US-russische Journalistin Kurmasheva bleibt in Haft

Eine seit mehr als drei Monaten in Russland inhaftierte Journalistin des US-Auslandssenders Radio Free Europe/Radio Liberty bleibt weiter im Gefängnis. Ein Gericht in der russischen Millionenstadt Kasan verlängerte die Untersuchungshaft für Alsu Kurmasheva bis zum 5. April, wie der Sender mit Sitz in Prag mitteilte. 

Kurmasheva war nach Angaben ihres Senders im Mai 2023 nach Russland gereist, um ihre alte Mutter zu besuchen. Kurz vor ihrem geplanten Rückflug am 2. Juni wurden demnach ihre Pässe beschlagnahmt. Russlands Justiz wirft ihr vor, sich nicht als «ausländische Agentin» registriert zu haben. Dafür drohen bis zu fünf Jahre Haft. 

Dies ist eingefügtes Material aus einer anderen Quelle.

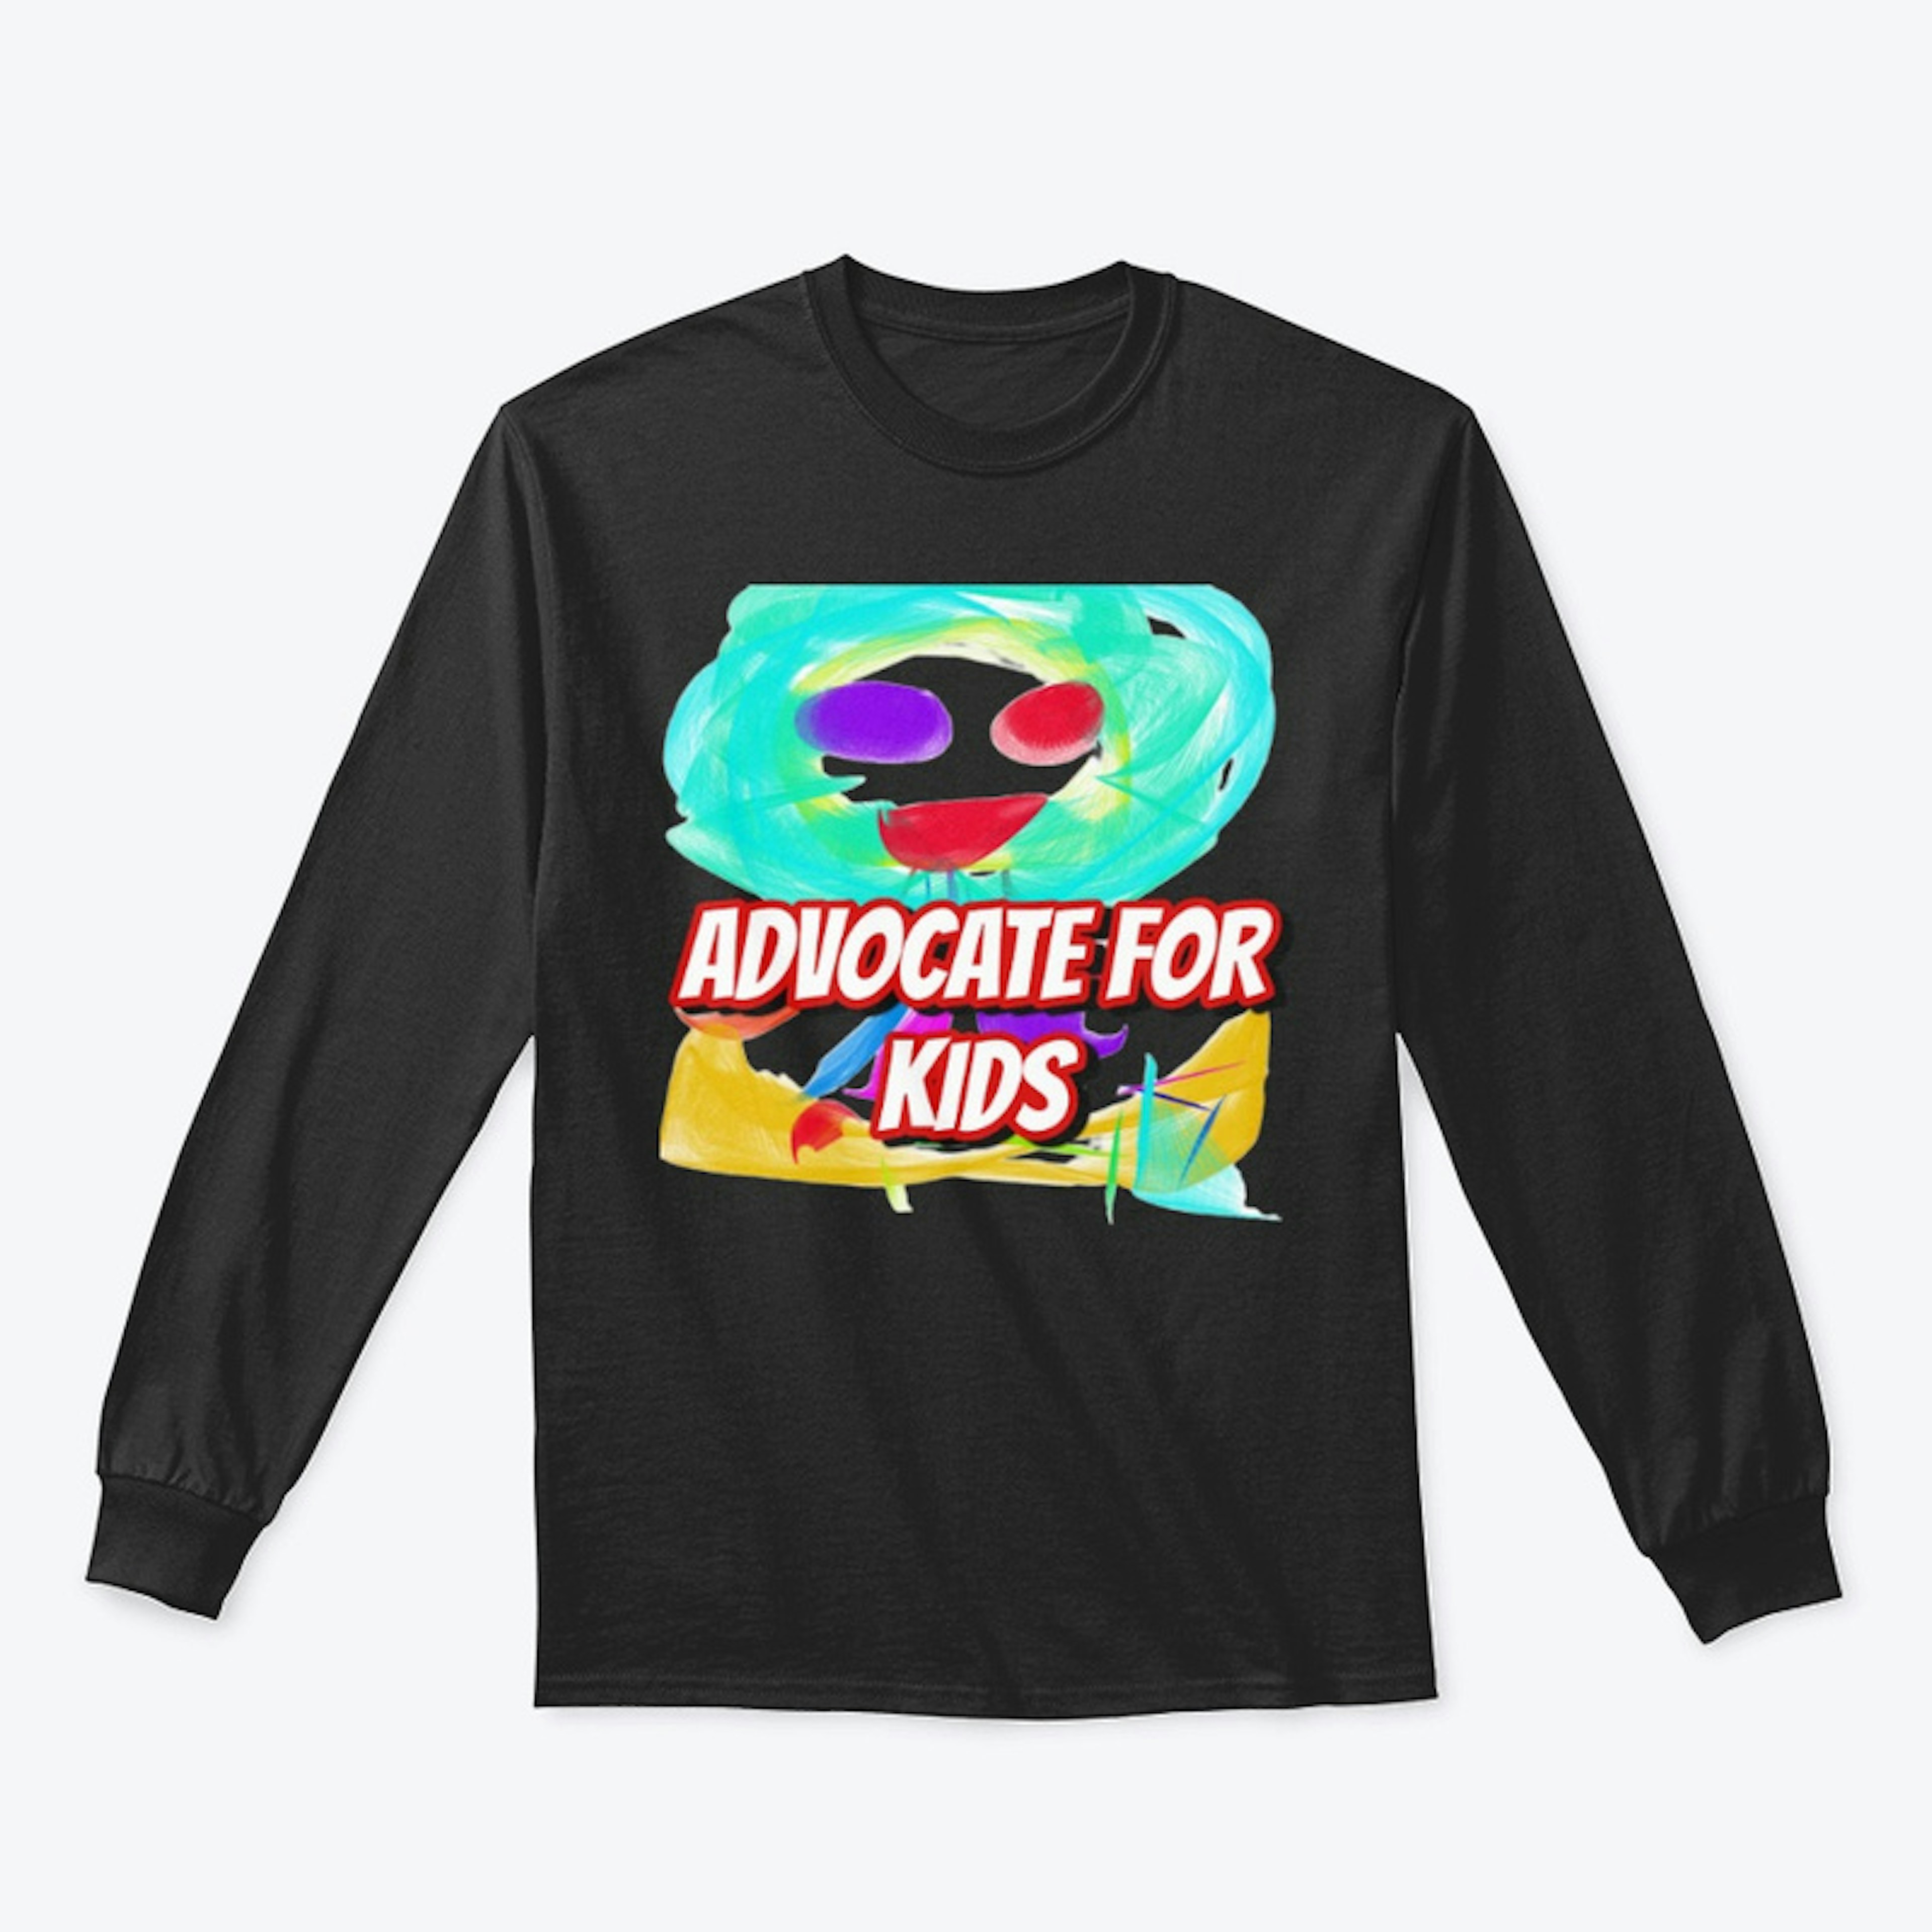 ADVOCATE FOR KIDS!

London: Russlands Nationalgarde integriert drei Wagner-Einheiten

Russland verstärkt nach britischer Einschätzung seine Kontrolle über die Söldnertruppe Wagner. Die russische Nationalgarde integriere drei frühere Kampfeinheiten von Wagner in ihr erstes Freiwilligenkorps, teilte das britische Verteidigungsministerium mit.

Die Eingliederung deute höchstwahrscheinlich darauf hin, dass Wagner erfolgreich der Nationalgarde unterstellt worden sei, schrieben die Briten auf der Plattform X (früher Twitter). Der russische Staat erhalte so mehr Befehlsgewalt und Kontrolle über die Gruppe.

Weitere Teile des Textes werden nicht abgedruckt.